Historic district in Wisconsin, US

The Port Washington Downtown Historic District is the largely intact remainder of the old commercial downtown of Port Washington, Wisconsin, United States. It consists of about 40 contributing buildings built from the 1850s to the 1950s in various styles. The district was added to the National Register of Historic Places in 2000 for significance to both architecture and the history of commerce.

Port Washington was founded in 1835, when Wooster Harrison and several other land speculators laid out a town on the sheltered slope where Sauk Creek flows into Lake Michigan. After some early growing pains, it became a village in 1848, and in 1851 740 ships docked at the pier. By 1853 the population was 1500. In 1873 the village was reached by the Milwaukee, Lakeshore and Western Railroad. In 1882 the city incorporated, and in 1889 the Wisconsin Chair Co. was founded, which was the major employer for many years.

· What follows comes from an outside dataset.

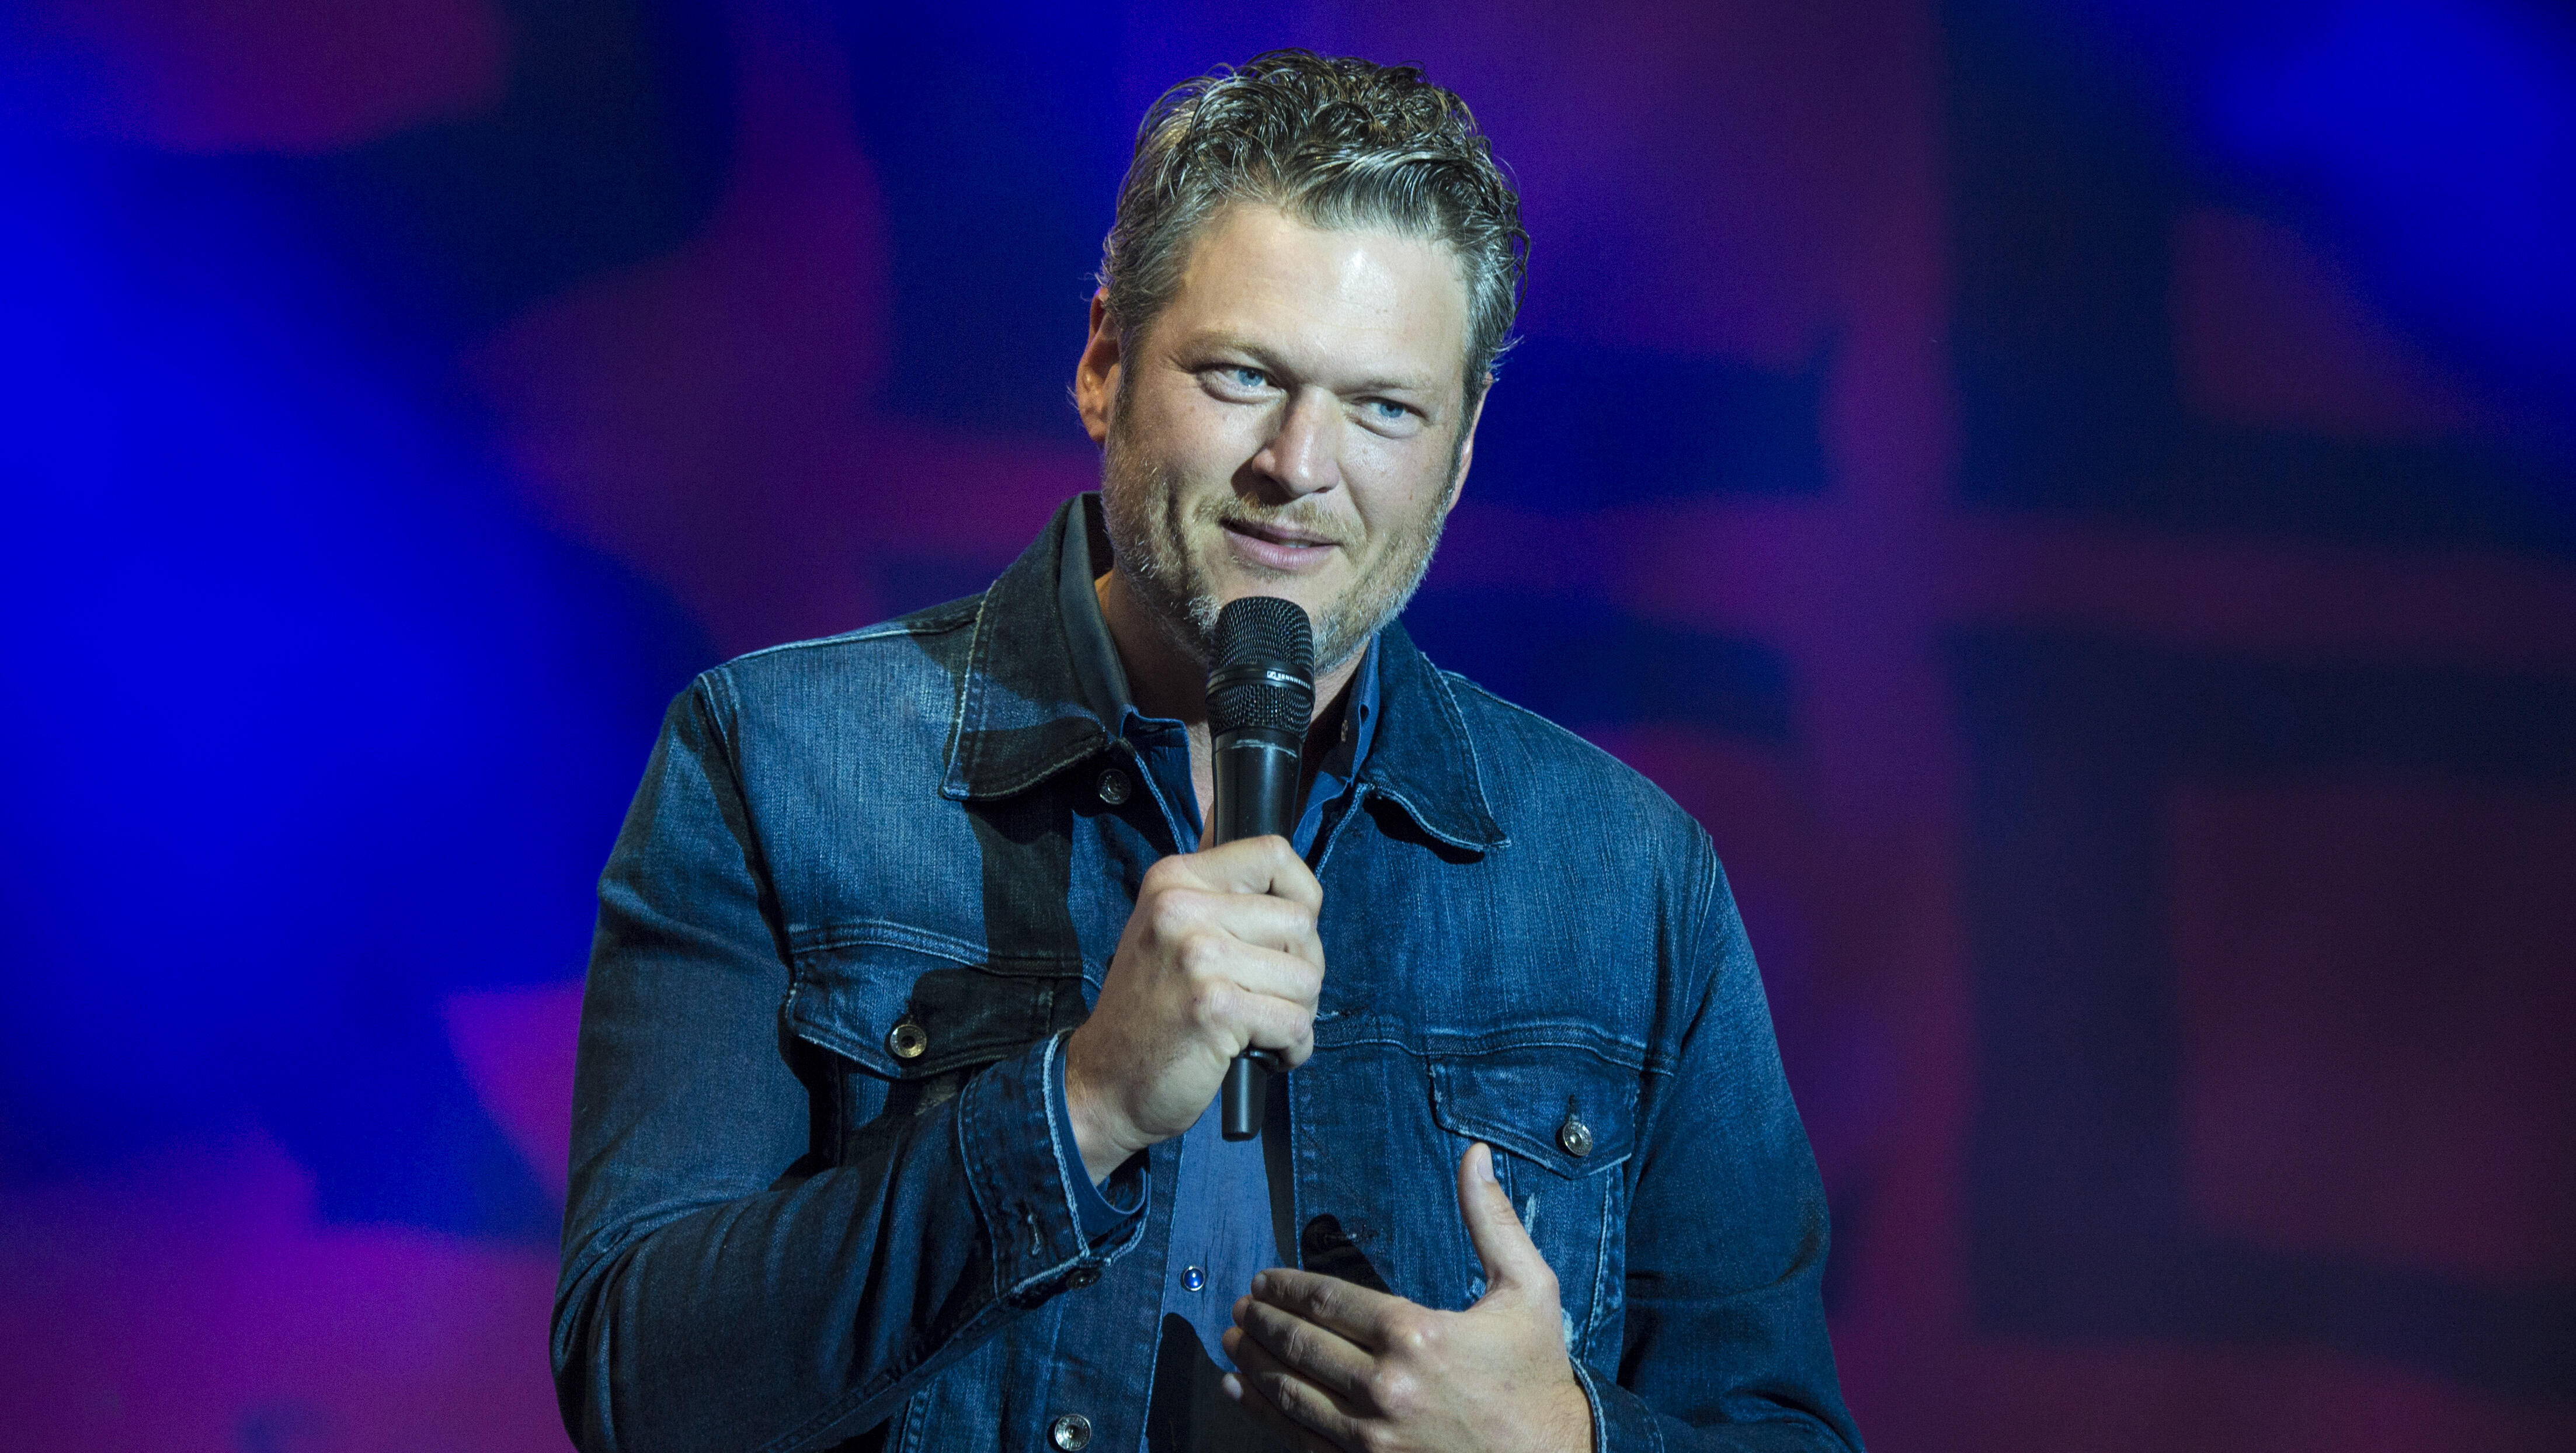 Blake Shelton Reveals 'Friends and Heroes 2019 Tour' iHeart

Here is a sample of interesting buildings in the district:
- The 1854 Barnum Blake building at 201 N Franklin St is a 2-story brick building in Italianate style, but its round arches seem to fit the Rundbogenstil designs then fashionable with German immigrants in Milwaukee.
- The Wisconsin House Hotel at 308-312 N Franklin St is a 3-story Italianate brick hotel built in 1855. By 1885 a saloon occupied the north half and a harness shop the south. The 1-story section to the south was added in 1926.
- The Theodore Nosen Building at 329-333 N Franklin St is a 3-story brick Federal Style building, built in 1857.
- The 1891 Michael Bink saloon at 231 N Franklin St is a very intact 2-story Queen Anne-styled building with a two-story corner turret topped by an onion dome and a finial.
- The 1891 Wilson Hotel at 200-202 N Franklin St is a 3-story Queen Anne building, also with a corner turret and final.
- The Martin Zimmerman saloon at 114 N Franklin St is built of concrete block, with a Richardsonian Romanesque influence.
- The First National Bank at 122 N Franklin St is a Neoclassical bank designed by William Hilgen of Cedarburg and built in 1909, covered with white terra cotta tiles.
- The Matthew Schumacher Monument Co. at 302 N Franklin St is a 1-story Art Deco building built in 1930. It was designed by Edgar Berners, a native son of Port Washington and a partner in Foeller, Schober & Berners of Green Bay.
- The Schanen office building at 125 E Main St was designed in Art Moderne-style by Foeller, Schober and Berners and built in 1942. It housed William F. Schanen's law office and the Ozaukee Press, which was run by his son.
- The Smith Bros. Restaurant at 100 N Franklin St is a late Colonial Revival building designed by William J. Ames of Milwaukee and built in 1954.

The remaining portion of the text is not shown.